Bagaimana jika kalian yang menemui aku, secara sembunyi-sembunyi.
Saat ini aku ada di kota."
"Aku tidak bisa meninggalkan tempat ini," kata Jupiter agak kesal. "Aku
diserahi tugas menjaga toko. Paman dan Bibi baru sekitar dua jam lagi
kembali."
"Hmm - begitu ya!" Tidak terdengar suara Mr. Grant selama beberapa
saat. "Bagaimana jika kau menyelinap pergi malam ini, jika perusahaan 
sudah tutup? Mungkinkah itu? Kalian bertiga menemui aku di salah satu
tempat? Kalian harus berhasil keluar tanpa ketahuan oleh Three-Finger
serta kedua kawannya."
"Kurasa itu bisa, Sir," kata Jupiter menerima usul itu. "Tapi Bob dan
Pete sebentar lagi harus pulang untuk makan malam di rumah masingmasing.
Menurut Anda, mungkinkah mereka nanti juga dibuntuti?"
"Kemungkinan itu kecil sekali. Kaulah yang terutama diminati para
penjahat itu. Kau yakin bisa menyelinap pergi tanpa ketahuan?"
"Ya, aku yakin bisa," kata Jupiter.
Dalam pikirannya terbayang Kelana Gerbang Merah, jalan rahasia untuk
keluar lewat pagar pekarangan sebelah belakang.
"Tapi saatnya akan agak larut. Hari ini kan Sabtu, dan perusahaan kami
ini dibuka sampai pukul tujuh."
"Bagus. Bagaimana kalau pukul delapan?"
"Rasanya itu bisa, Mr. Grant."
"Kalau begitu kita nanti berjumpa di taman - di Oceanview Park. Aku
akan duduk di bangku dekat pintu masuk sebelah timur, membaca koran.
Aku memakai jaket coklat serta topi berpinggir sempit yang juga
berwarna coklat Kalian nanti datang sendiri-sendiri, dan usahakan agar
jangan sampai ada yang membuntuti. Jelas?"
"Ya, Sir," kata Jupiter. "Dan kalian jangan bicara dengan siapa-siapa
tentang urusan ini, sebelum kita berjumpa. Jangan sampai ada yang
bocor, sebelum aku mendengar keterangan dari kalian. Dan bawa
petunjuk itu. Mengerti?"
"Jelas sekali, Mr. Grant," kata Jupiter lagi. "Kalau begitu kita berjumpa
nanti, pukul delapan. Sampai nanti!"
Pete berseru tertahan, ketika Jupiter sudah mengembalikan gagang
telepon ke tempatnya. "Wow! Hadiah lima ribu dolar. Kenapa, Jupe - kau
kelihatannya tidak begitu gembira."
"Kita belum menemukan uang yang lenyap itu," kata Jupiter. "Kita pasti
berhasil! Atau tepatnya polisi, setelah Mr. Grant meneruskan informasi
kita pada mereka. Mungkin kita nanti diizinkan ikut, saat mereka
memeriksa." 
"Kurasa itu tidak bisa, jika keputusannya tergantung dari Letnan
Carter," kata Bob.
"Kenapa sih, Chief Reynolds harus tidak ada hari ini?" keluh Jupiter.
"Aku lebih senang jika berurusan dengan dia. Tapi jika ia kenal Mr.
Grant -"
Saat itu terdengar orang memanggil dari kejauhan. "Jupe! Ini, ada
pembeli yang harus mendapat uang kembali!"

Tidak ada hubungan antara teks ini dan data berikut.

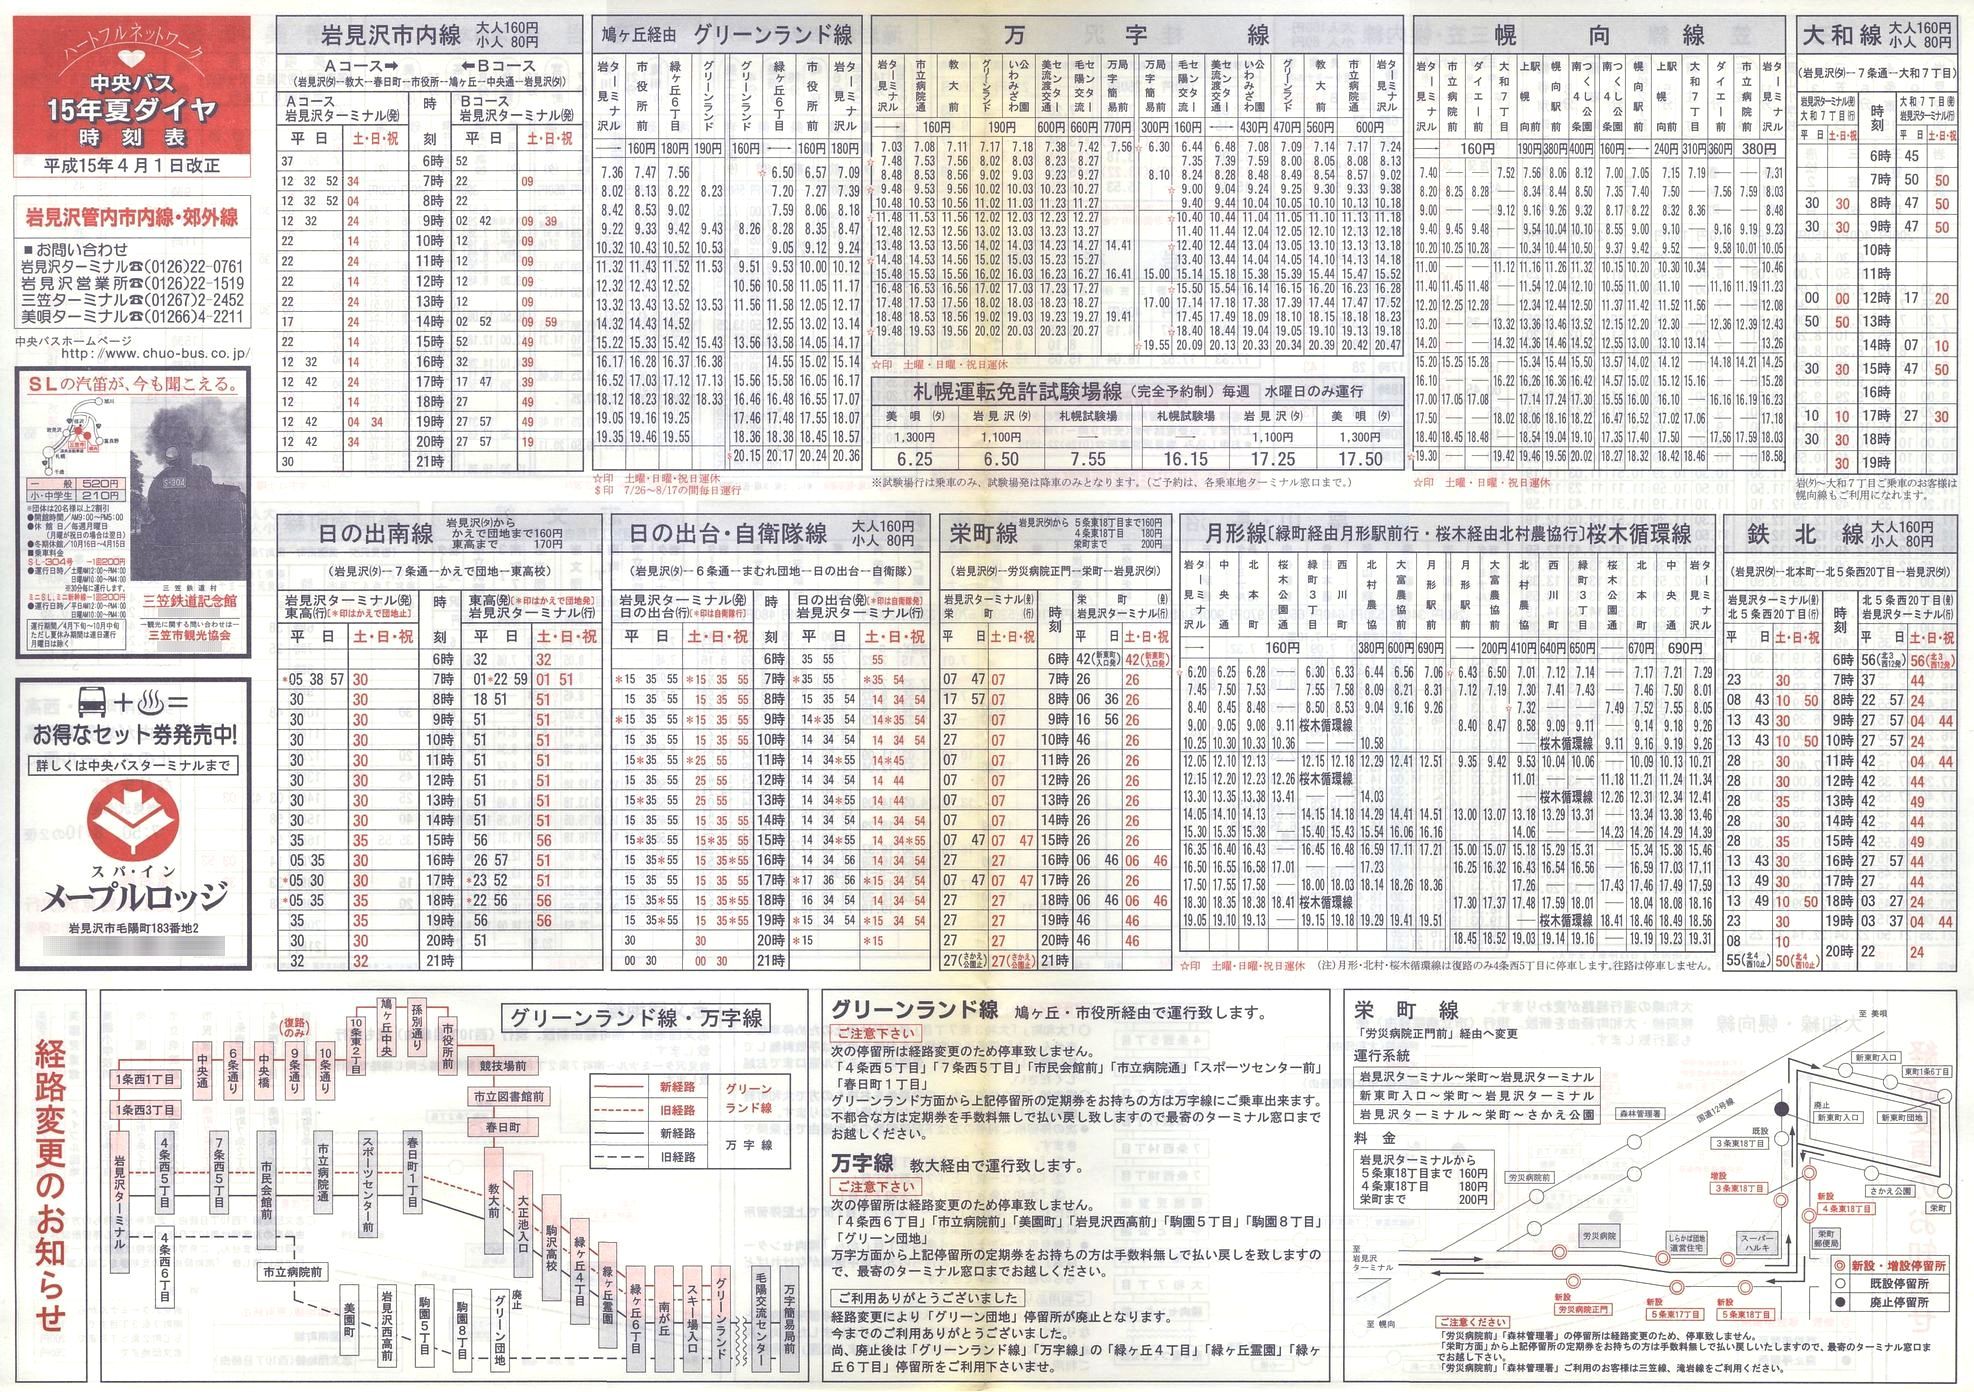 2003-04-01改正_北海道中央バス(空知)_岩見沢管内線時刻表表面
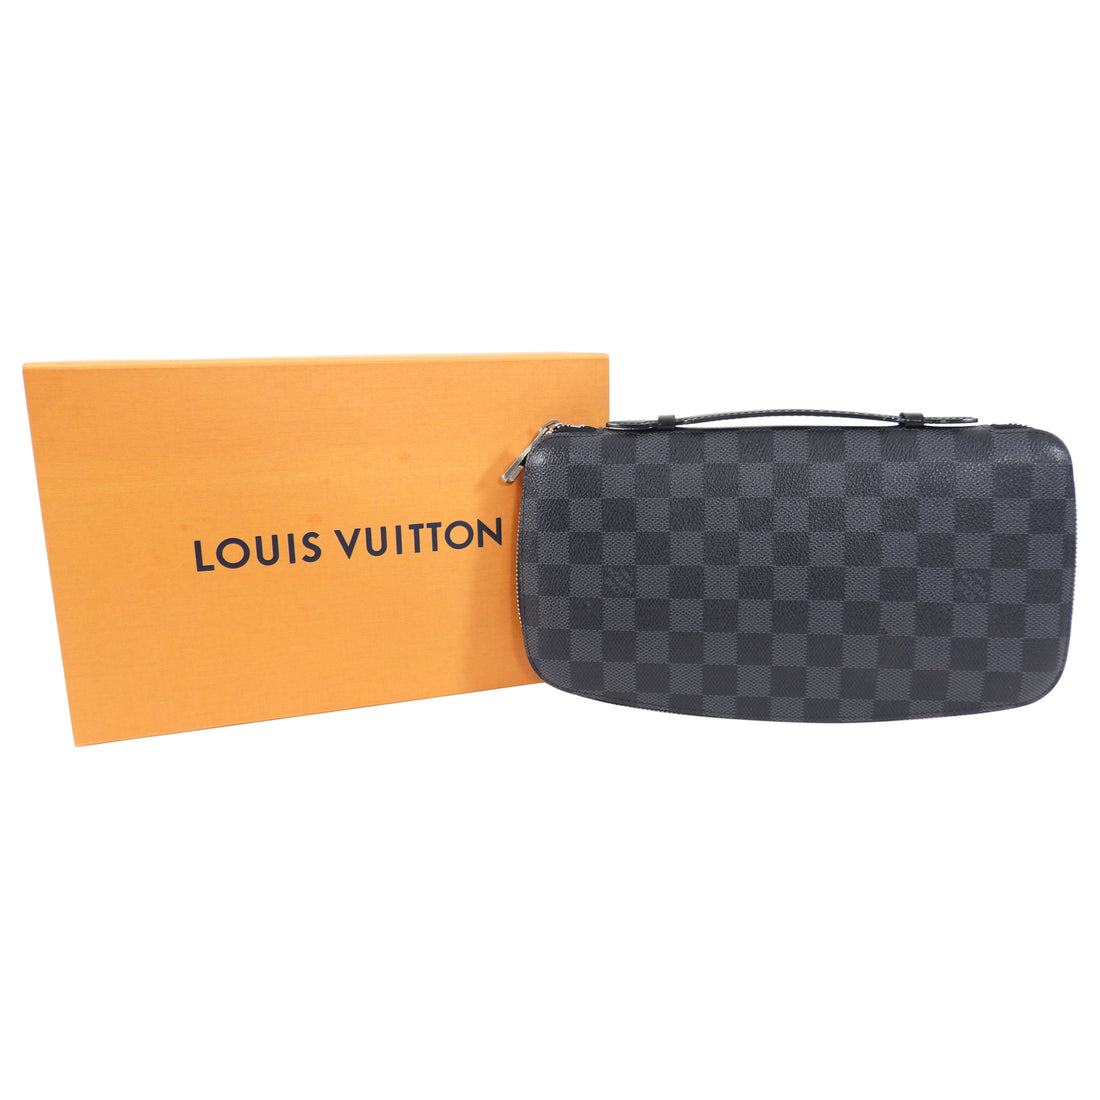 Louis Vuitton - Zippy Organizer ($875) - avail in monogram, damier

"Itu Konrad," kata Jupiter. "Aku kembali saja ke depan sekarang,
karena aku kan ditugaskan mengawasi. Bob, Pete - tolong bereskan peti
itu lagi, ya? Jangan lupa Socrates!"
"Astaga!" kata Bob kaget, ketika melirik arlojinya. "Aku harus cepatcepat
kembali ke perpustakaan, sebelum ditutup, Jupe. Jaketku
tertinggal di sana tadi. Dari situ aku langsung pulang saja."
"Sana, pergilah! Biar aku saja yang mengemasi peti," kata Pete.
"Sesudah itu aku juga langsung pulang. Nanti malam kita bertemu lagi di
taman, pukul delapan. Betul, kan?"
"Tepat," kata Jupiter.
Ketiga remaja itu keluar dari Markas Besar Trio Detektif. Pete
menghampiri peti antik serta Socrates dengan sikap enggan.
"Nah!" katanya menyapa tengkorak itu. "Apa lagi katamu sekarang,
setelah kami berhasil menemukan petunjuk itu?"
Socrates membisu. Ia hanya nyengir saja ke arah Pete.


Bab 14 PERKEMBANGAN SELANJUTNYA
BOB bergegas mengayuh sepedanya menyusur jalan-jalan belakang,
berputar-putar mencari tempat pertemuan yang disepakatkan di taman.
Ia ingin lekas-lekas tiba di tempat itu, untuk menyampaikan informasi
yang baru diperolehnya. Ia agak terlambat, karena sehabis makan malam
masih menyibukkan diri meneliti setumpuk koran tua di garasi. Ia
berhasil menemukan berita yang dicari, dan kini ia buru-buru karena
harus mengejar waktu. Ketika sampai di jalan masuk ke taman yang di
sebelah timur, dilihatnya Pete dan Jupiter sudah lebih dulu sampai.
Kedua temannya itu duduk di sebuah bangku bersama seorang laki-laki 
yang kelihatan masih muda dan berpakaian necis. Mereka bercakapcakap
dengan serius. Ketiga-tiganya menoleh ketika Bob datang
menghampiri dengan sepedanya.
"Maaf, agak terlambat," kata Bob dengan napas tersengal-sengal. "Aku
tadi masih harus mencari-cari sesuatu."
"Pasti kau yang bernama Bob Andrews," kata laki-laki muda itu dengan
ramah. "Aku George Grant."
Ia bersalaman dengan Bob,lalu menyodorkan dompet yang dibuka,
menampakkan kartu nama di balik plastik pelindung.
"Ini tanda pengenal diriku, Bob. Supaya resmi."
Pada kartu pengenal itu tertulis bahwa George Grant itu penyelidik
resmi Badan Keamanan Bank. Mr. Grant menyimpan dompetnya kembali,
ketika melihat Bob mengangguk.
"Jupe -" Bob hendak mengatakan sesuatu, tapi sudah didului Jupiter.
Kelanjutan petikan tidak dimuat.